# WORK ITEM:
For the records below, please print exactly and only the lines from the one with "Dr. Jens Enneper, Orthopäde" down to the one with "Afbeeldingen van leeuw op rots mat gips", both ends included, omitting the pictures.

# DATASET EXTRACT:
+ + + +

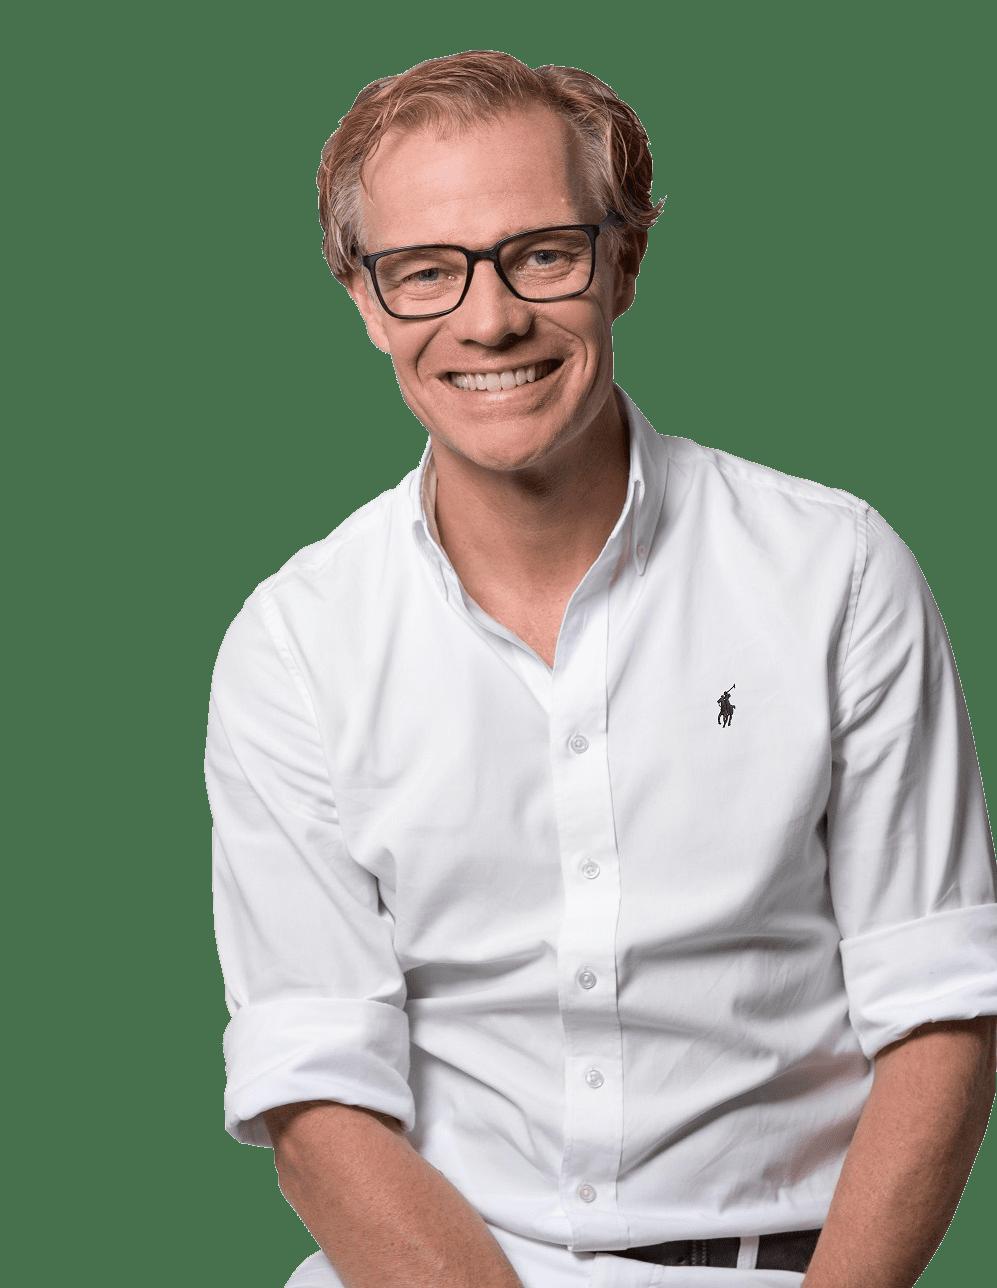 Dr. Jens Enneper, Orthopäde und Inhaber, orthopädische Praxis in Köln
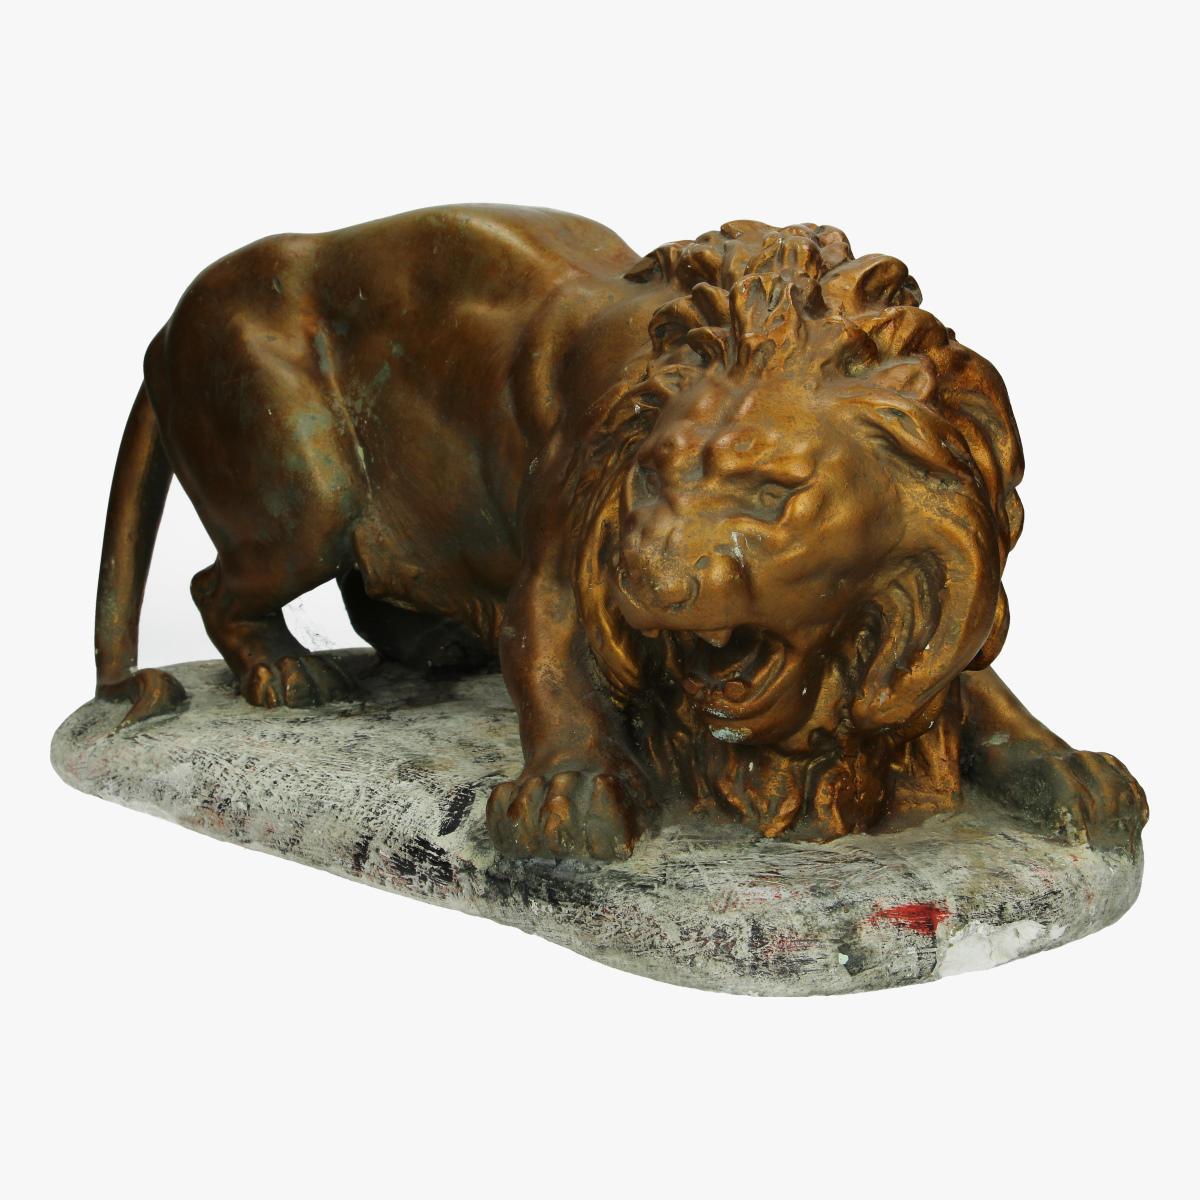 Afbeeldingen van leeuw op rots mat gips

+ + + +

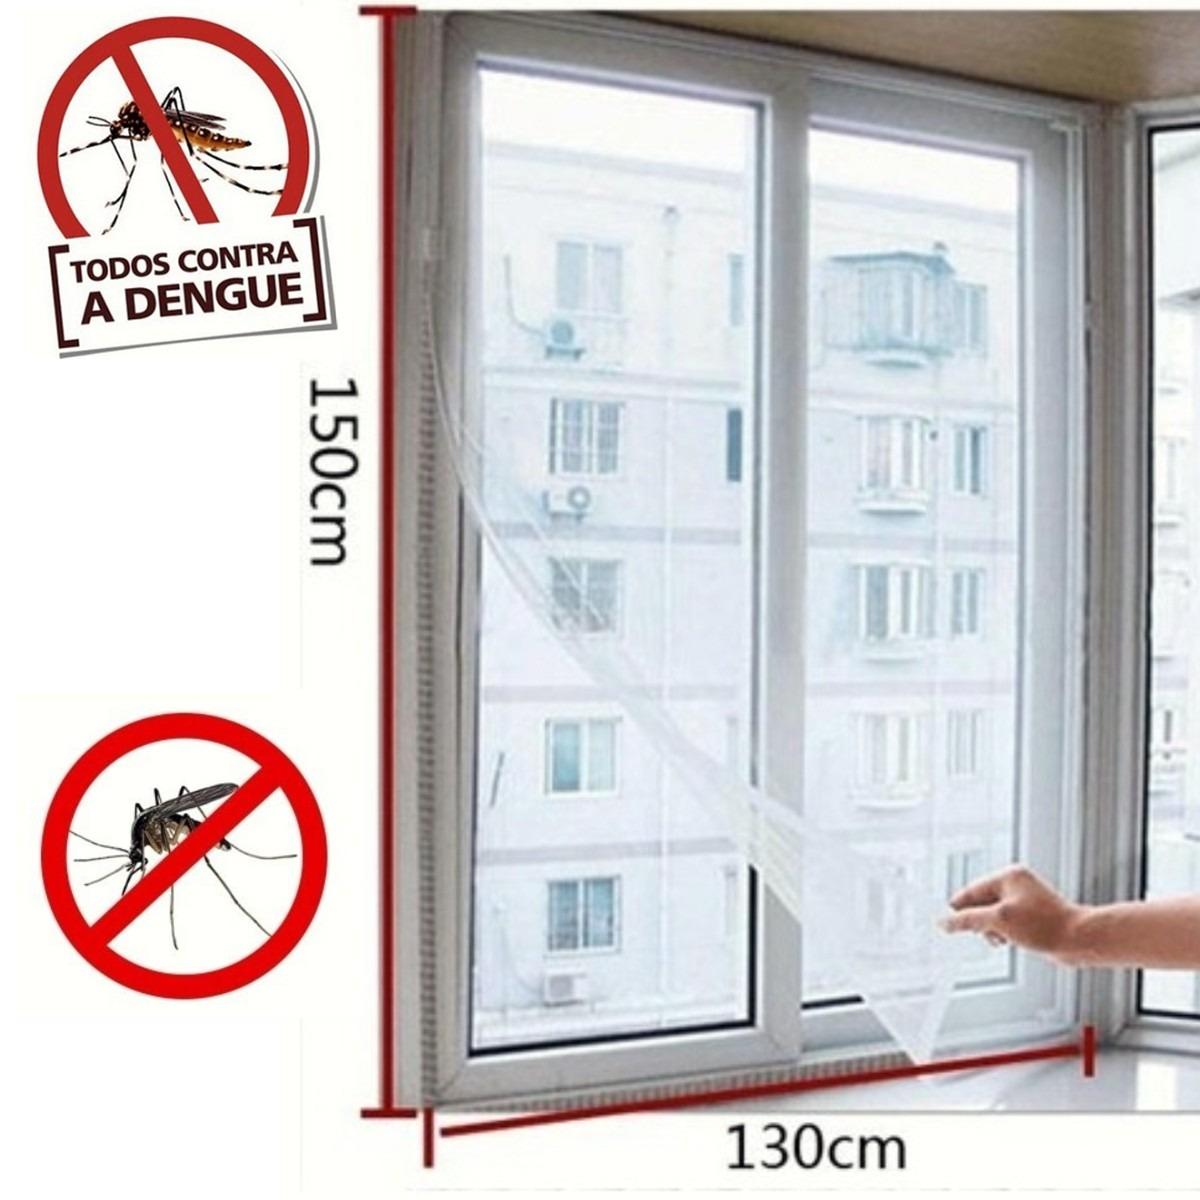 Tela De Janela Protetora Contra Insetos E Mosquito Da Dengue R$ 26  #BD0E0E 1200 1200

+ + + +

# TASK OUTPUT:
 Dr. Jens Enneper, Orthopäde und Inhaber, orthopädische Praxis in Köln
 Afbeeldingen van leeuw op rots mat gips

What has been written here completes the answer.